Here is another interview, this one between a fourteen-year-old girl called Denyse and the late psycholinguist Richard Cromer; the interview was transcribed and analyzed by Cromer’s colleague Sigrid Lipka.
I like opening cards. I had a pile of post this morning and not one of them was a Christmas card. A bank statement I got this morning! [A bank statement? I hope it was good news.] No it wasn’t good news. [Sounds like mine.] I hate…, My mum works over at the, over on the ward and she said “not another bank statement.” I said “it’s the second one in two days.” And she said “Do you want me to go to the bank for you at lunchtime?” and I went “No, I’ll go this time and explain it myself.” I tell you what, my bank are awful. They’ve lost my bank book, you see, and I can’t find it anywhere. I belong to the TSB Bank and I’m thinking of changing my bank ’cause they’re so awful. They keep, they keep losing…[someone comes in to bring some tea] Oh, isn’t that nice. [Uhm. Very good.] They’ve got the habit of doing that. They lose, they’ve lost my bank book twice, in a month, and I think I’ll scream. My mum went yesterday to the bank for me. She said “They’ve lost your bank book again.” I went “Can I scream?” and I went, she went “Yes, go on.” So I hollered. But it is annoying when they do things like that. TSB, Trustees aren’t…uh the best ones to be with actually. They’re hopeless.

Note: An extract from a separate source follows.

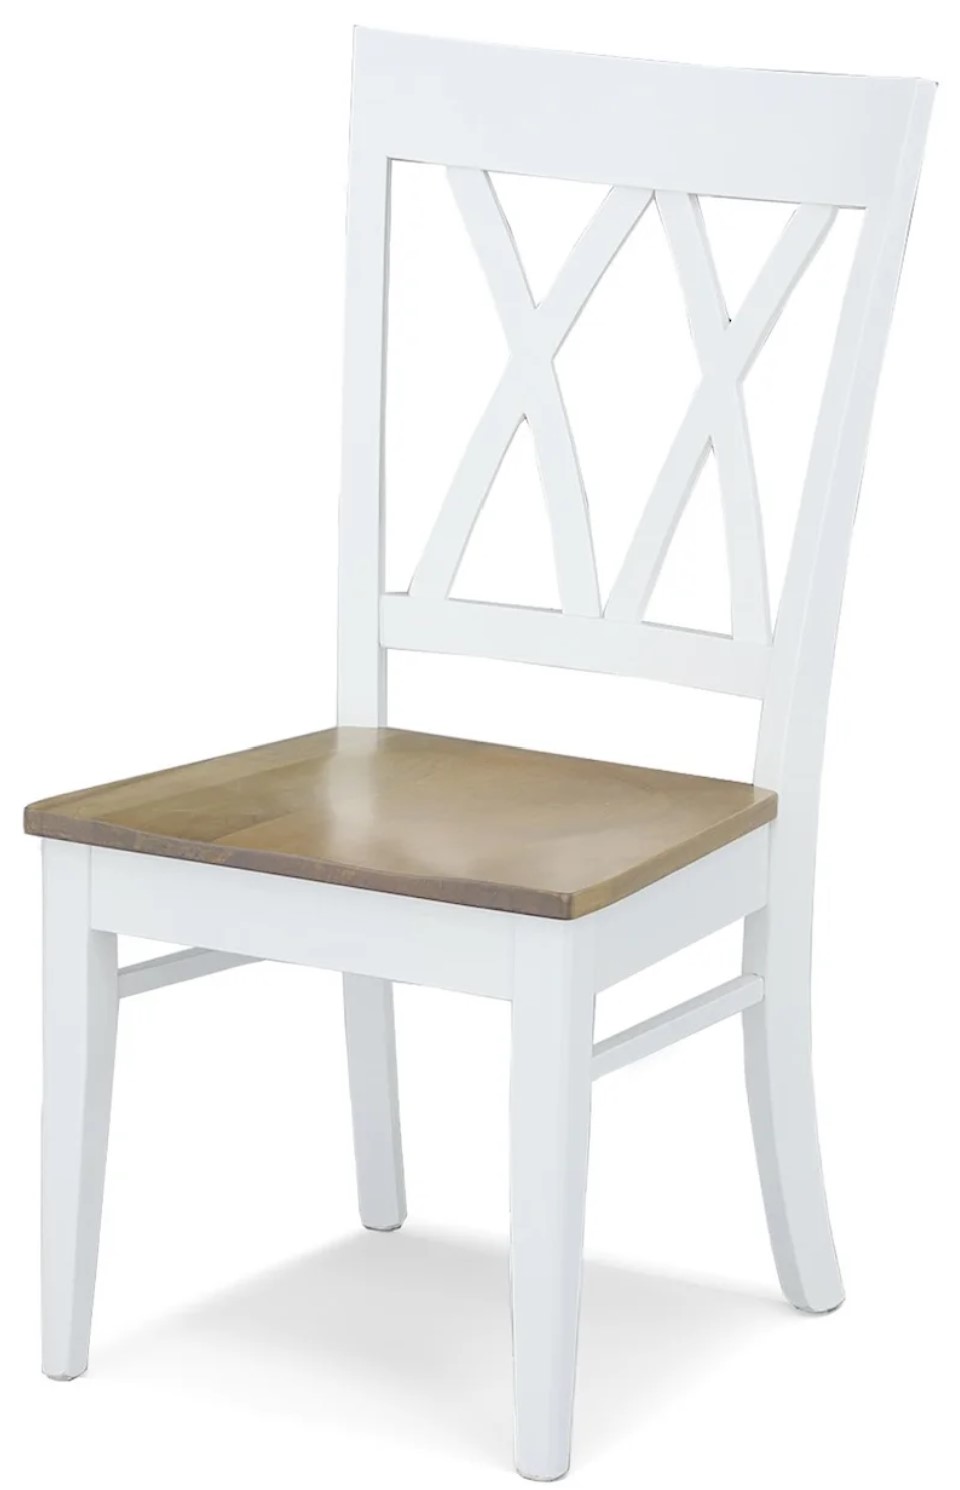 Springfield Maple Dining Chair

I have seen Denyse on videotape, and she comes across as a loquacious, sophisticated conversationalist—all the more so, to American ears, because of her refined British accent. (My bank are awful, by the way, is grammatical in British, though not American, English.) It comes as a surprise to learn that the events she relates so earnestly are figments of her imagination. Denyse has no bank account, so she could not have received any statement in the mail, nor could her bank have lost her bankbook. Though she would talk about a joint bank account she shared with her boyfriend, she had no boyfriend, and obviously had only the most tenuous grasp of the concept “joint bank account” because she complained about the boyfriend taking money out of her side of the account. In other conversations Denyse would engage her listeners with lively tales about the wedding of her sister, her holiday in Scotland with a boy named Danny, and a happy airport reunion with a long-estranged father. But Denyse’s sister is unmarried, Denyse has never been to Scotland, she does not know anyone named Danny, and her father has never been away for any length of time. In fact, Denyse is severely retarded. She never learned to read or write and cannot handle money or any of the other demands of everyday functioning. Denyse was born with spina bifida (“split spine”) a malformation of the vertebrae that leaves the spinal cord unprotected. Spina bifida often results in hydrocephalus, an increase in pressure in the cerebrospinal fluid filling the ventricles (large cavities) of the brain, distending the brain from within. For reasons no one understands, hydrocephalic children occasionally end up like Denyse, significantly retarded but with unimpaired—indeed, overdeveloped—language skills. (Perhaps the ballooning ventricles crush much of the brain tissue necessary for everyday intelligence but leave intact some other portions that can develop language circuitry.) The various technical terms for the condition include “cocktail party conversation,” “chatterbox syndrome,” and “blathering.” […]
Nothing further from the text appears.